### GIVEN MATERIAL
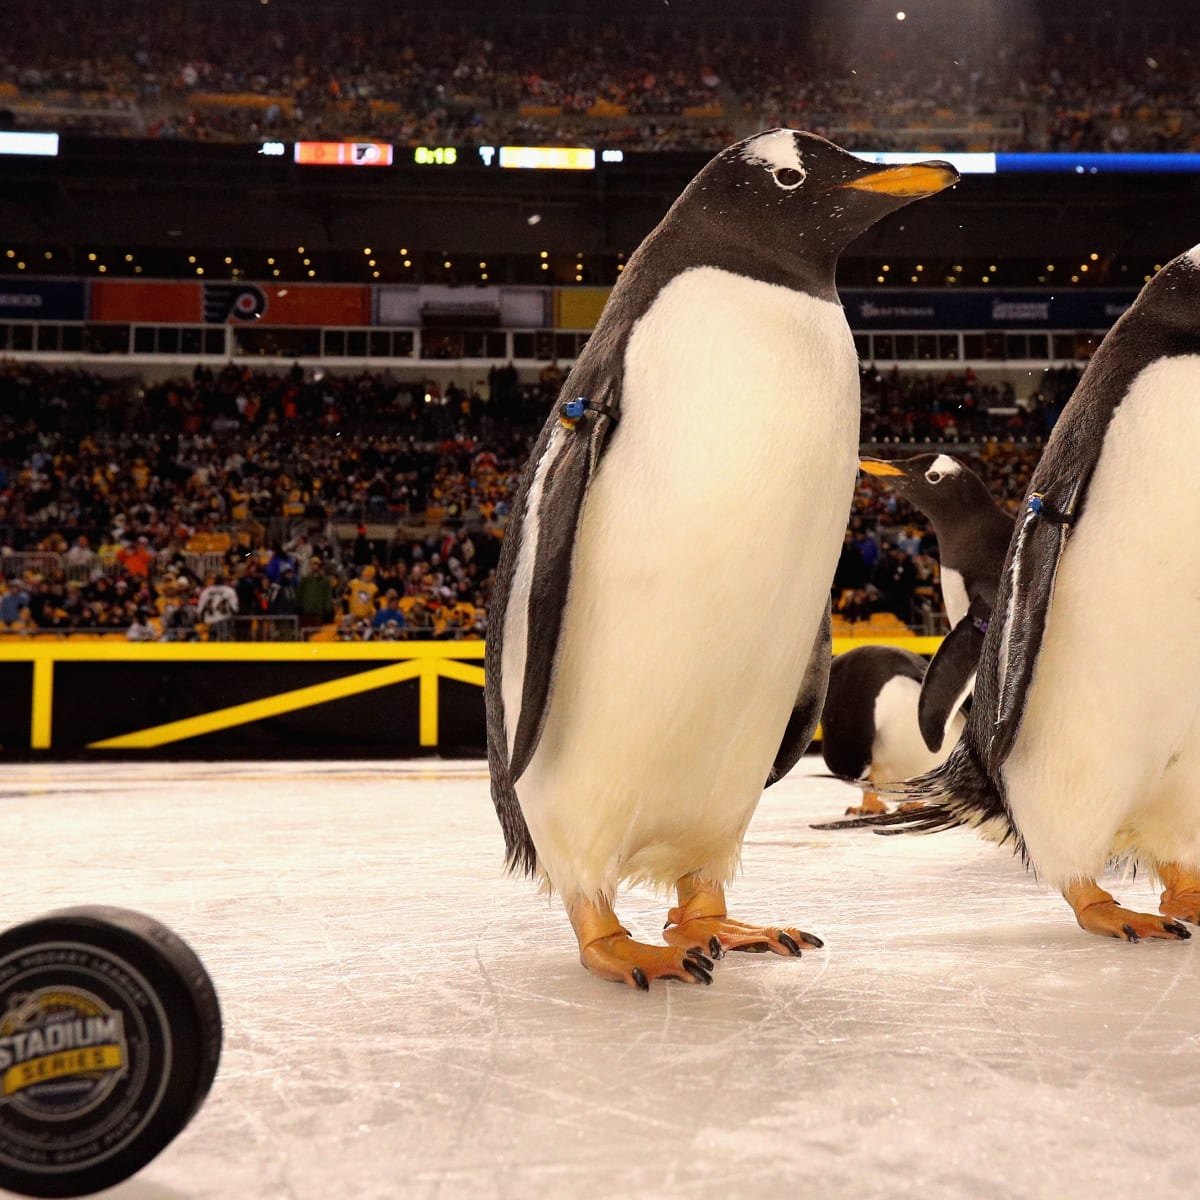 PETA Condemns N.H.L.'s Use of Real Penguins in Pittsburgh Pregame
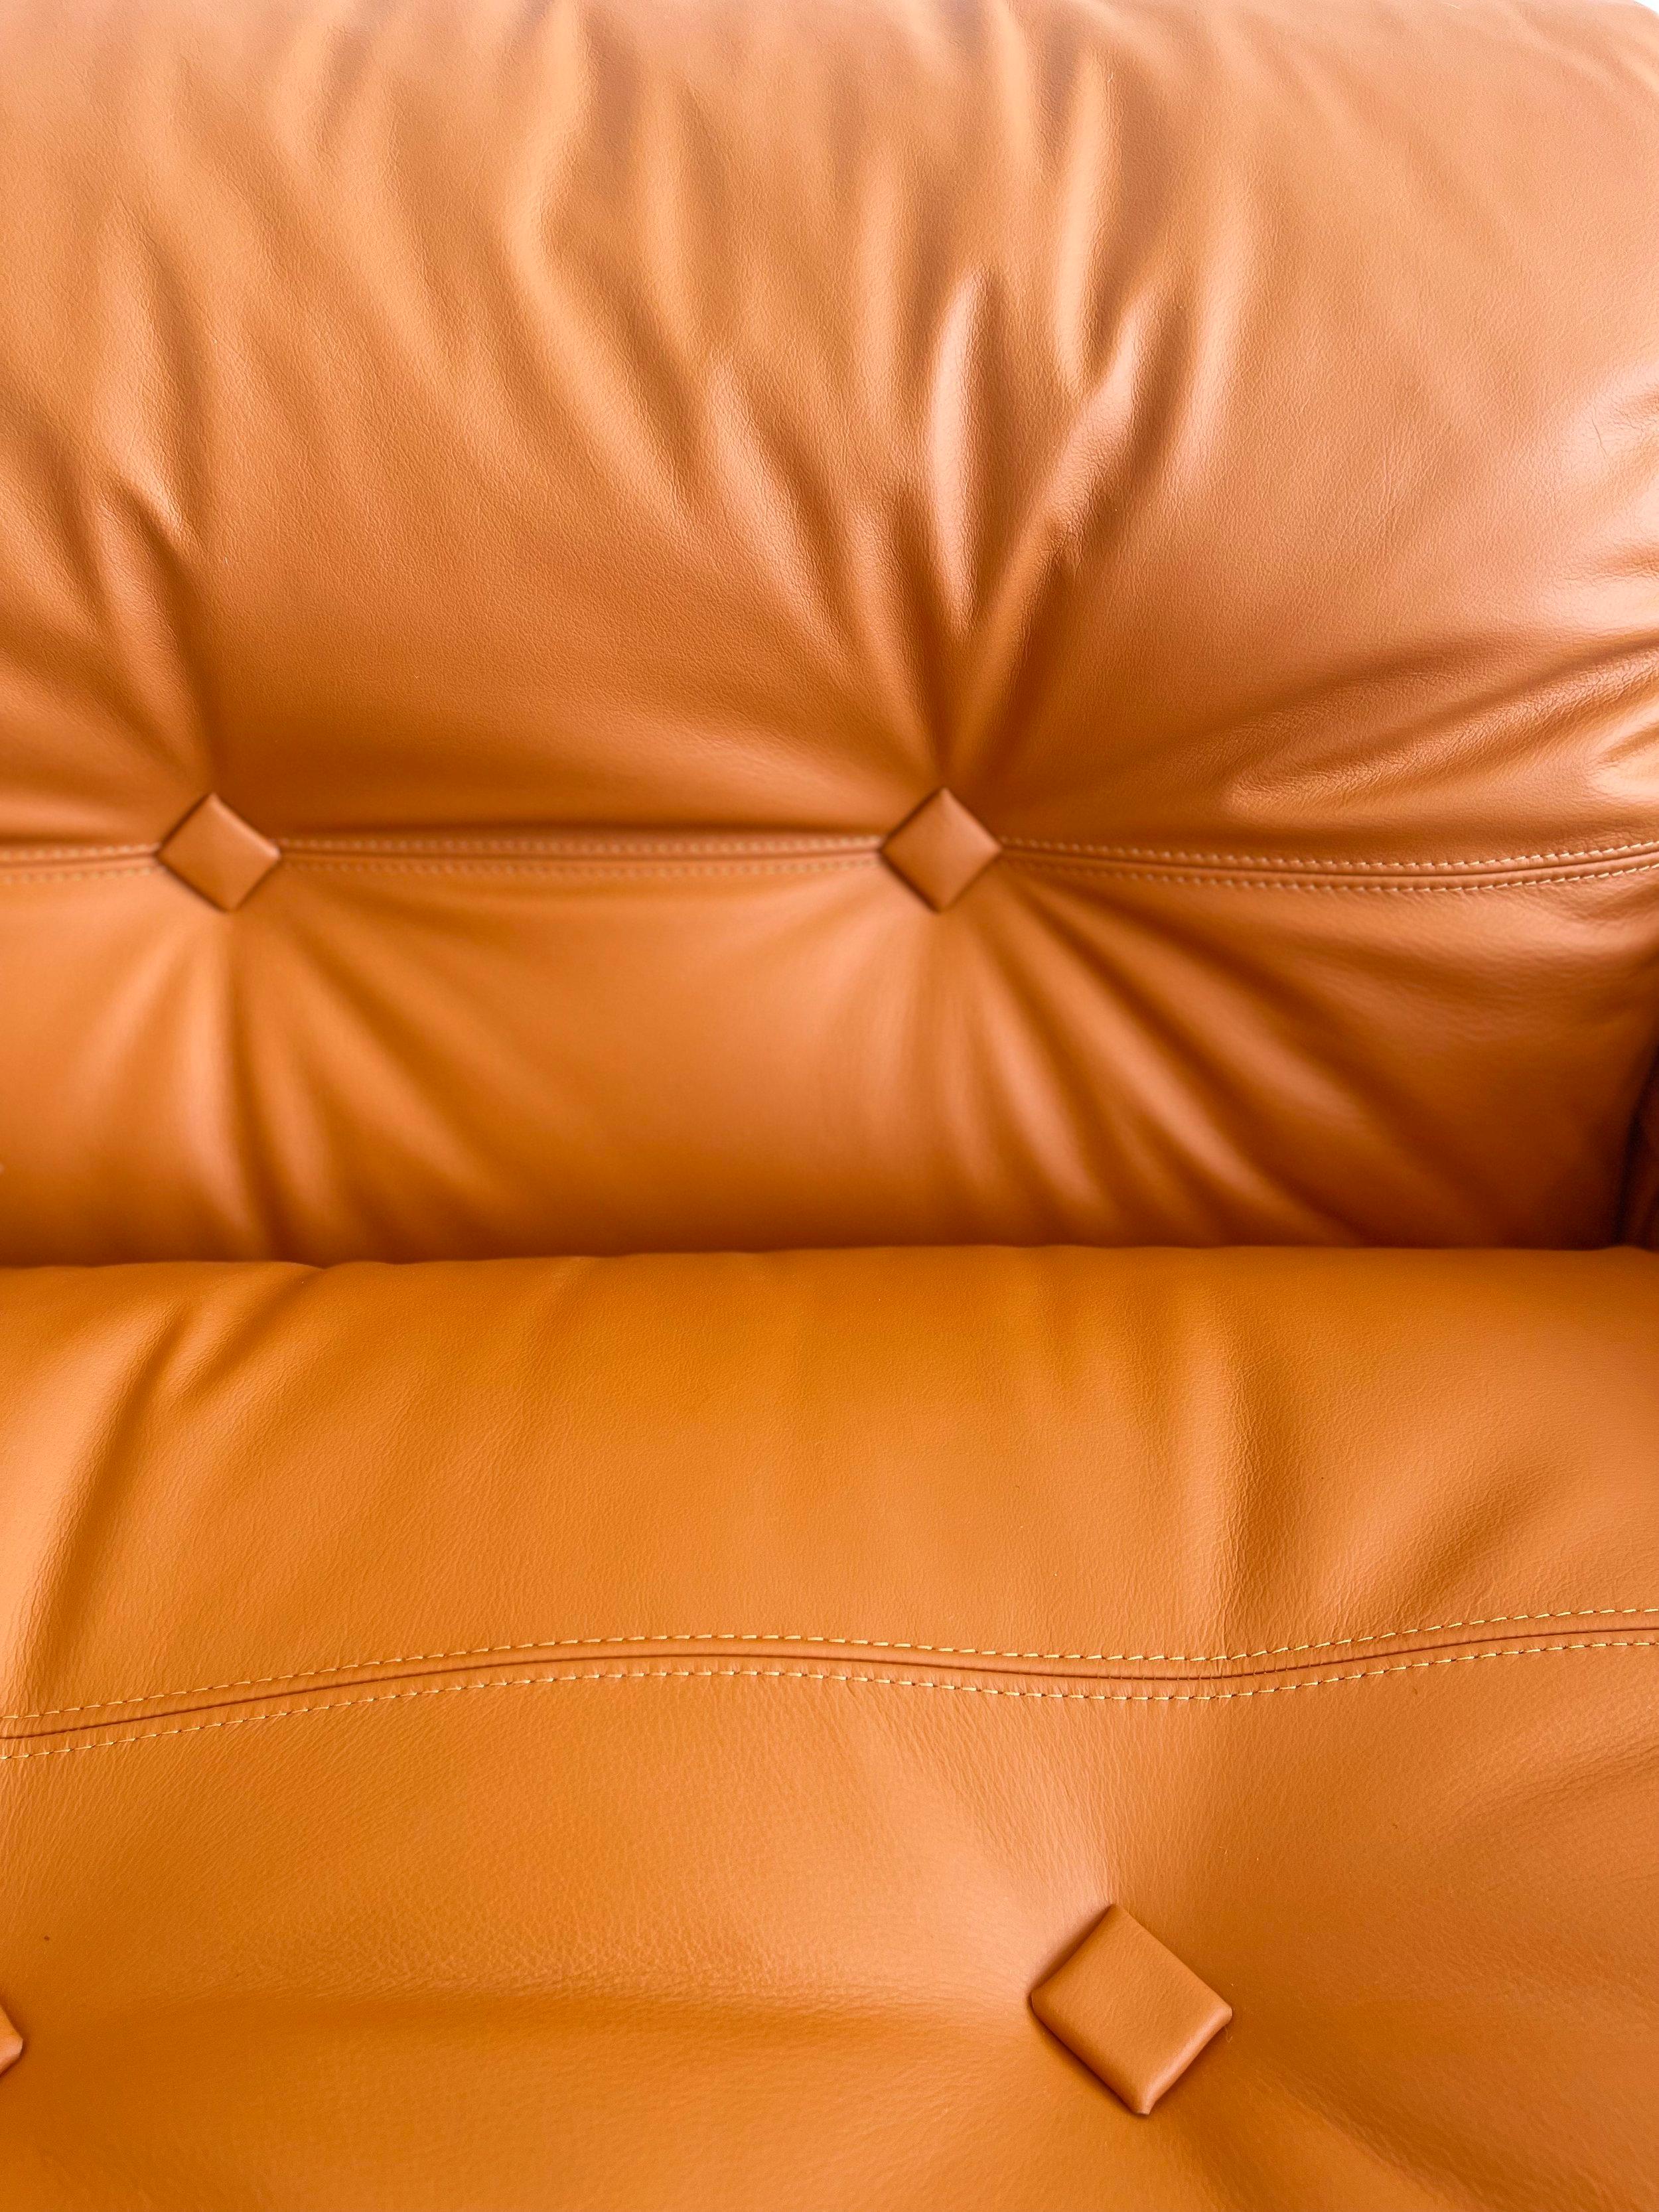 Adriano Piazzesi 1970s Sofa Newly Upholstered with Copper Brown Italian Leather For Sale 9
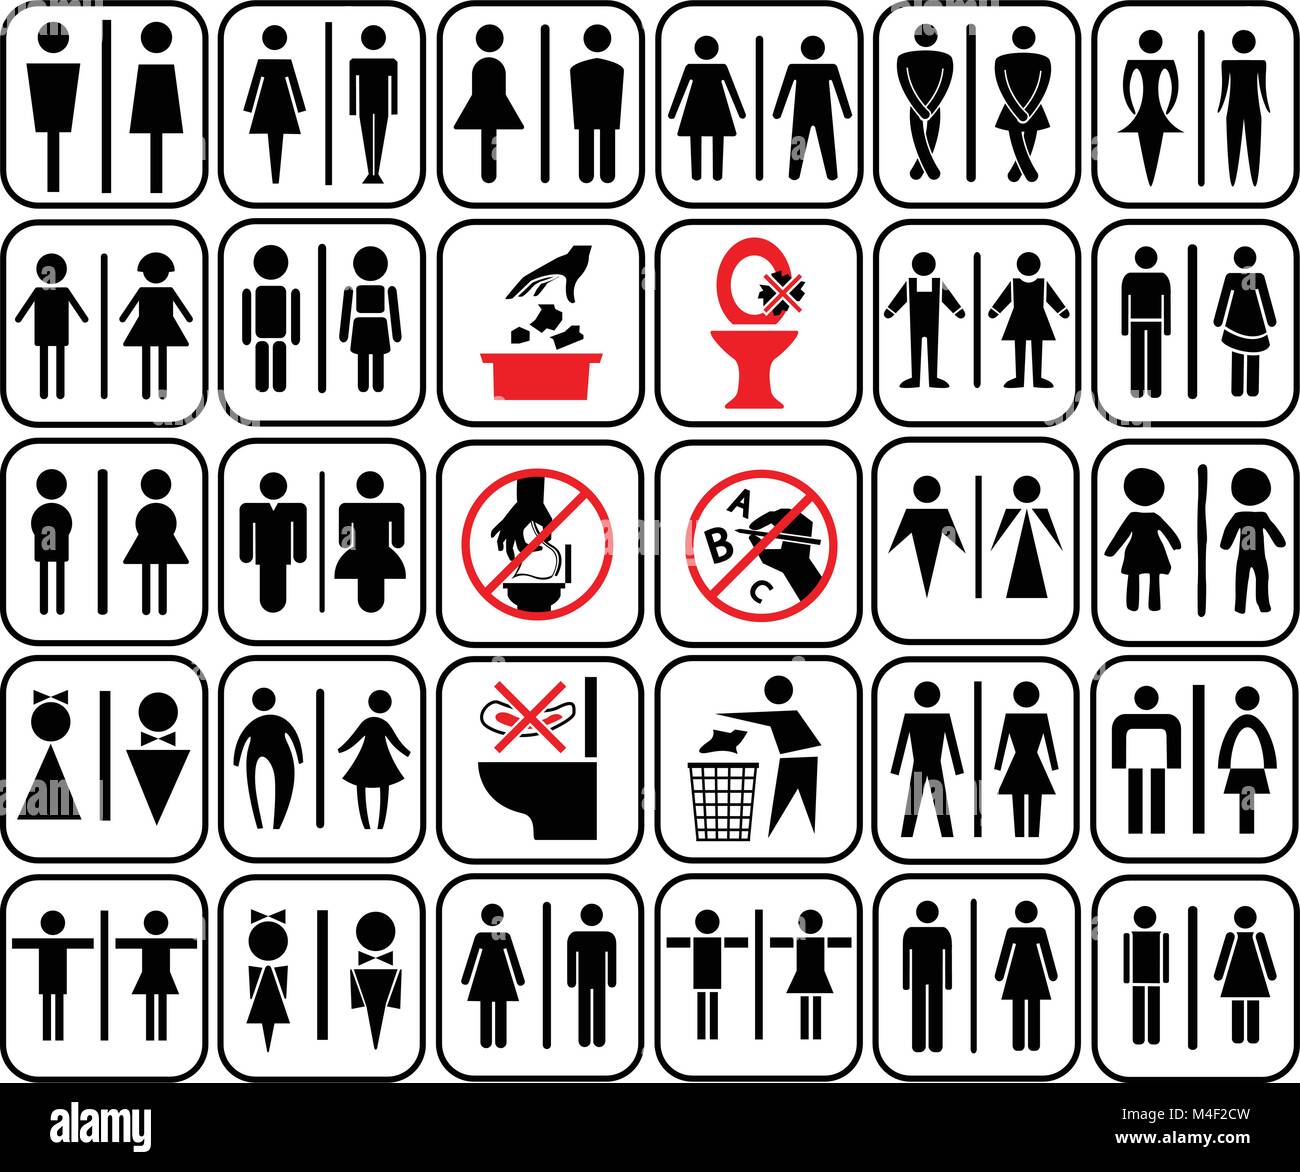 modern style of toilet sign with baby, men, women, pregnant women, aged, handicapped in art style design and access use warning in toilet , vector set Stock Vector

### WHAT YOU WILL DO
Restate exactly, and only, the lines from the one that holds "Adriano Piazzesi 1970s" down to the last line of the material above. Omit the pictures.

### EXPECTED ANSWER
 Adriano Piazzesi 1970s Sofa Newly Upholstered with Copper Brown Italian Leather For Sale 9
 modern style of toilet sign with baby, men, women, pregnant women, aged, handicapped in art style design and access use warning in toilet , vector set Stock Vector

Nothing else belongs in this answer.